Maineville, Ohio is closer to the Cincinnati area. College Hill is in Cincinnati. My husband and I moved from the Cincinnati area last year.


----------



## TeriRains (Jan 26, 2011)

I would also like to meet regularly with people to share ideas and skills. Wouldn't mind a once quarterly, centrally located place to meet. It would be nice to start something and build on it to what fits everyone!!!


----------



## momanna (Nov 12, 2011)

Maineville is north east of Cincinnati, just near Kings Island Amusment park off of I-71. We are closer to Dayton OH College Hill is North West of Downtown Cincinnati.


----------



## NellieKnitter (Sep 10, 2012)

TeriRains said:


> I would also like to meet regularly with people to share ideas and skills. Wouldn't mind a once quarterly, centrally located place to meet. It would be nice to start something and build on it to what fits everyone!!!
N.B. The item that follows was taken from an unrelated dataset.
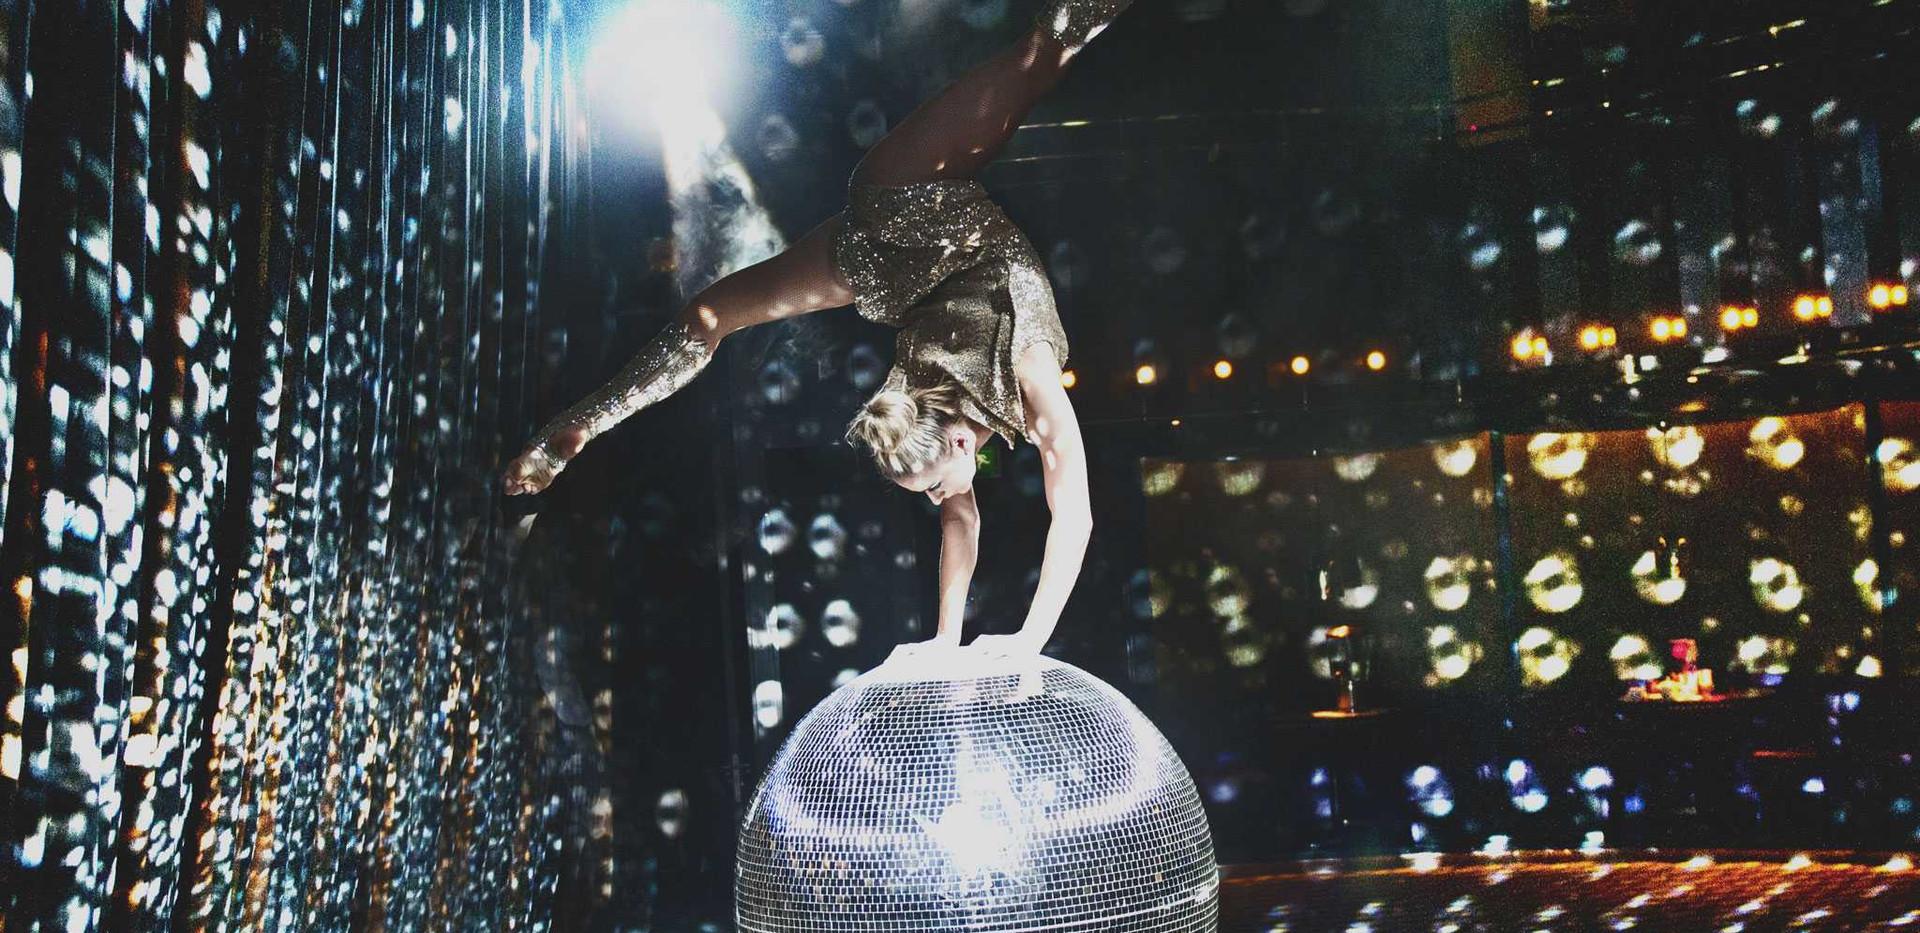 Book glitterball acrobat act London

I agree with you. I think there are enough people in our area, that we could start meeting on a small scale and help set something up for our part of the world. I guess we should check with the lady who started organizing this--don't want to step on her toes. Maybe we could be of assistance.

I don't work and would prefer days, but evening would be ok too, to accommodate the KPers who work during the day.


----------



## barbduff1973 (Oct 16, 2012)

im in michigan but i love to travel too ohio


----------



## barbduff1973 (Oct 16, 2012)

i love crocheting and knitting, would be willing to pick you up and aybe have some luch and crafting fun


----------



## barbduff1973 (Oct 16, 2012)

im in ypsilanti and love crafting friends, im an obssesed crocheter


----------



## barbduff1973 (Oct 16, 2012)

im in ypsilanti, and looking for crafting friends


----------



## M1GNON (May 3, 2012)

momanna said:


> Maineville is north east of Cincinnati, just near Kings Island Amusment park off of I-71. We are closer to Dayton OH College Hill is North West of Downtown Cincinnati.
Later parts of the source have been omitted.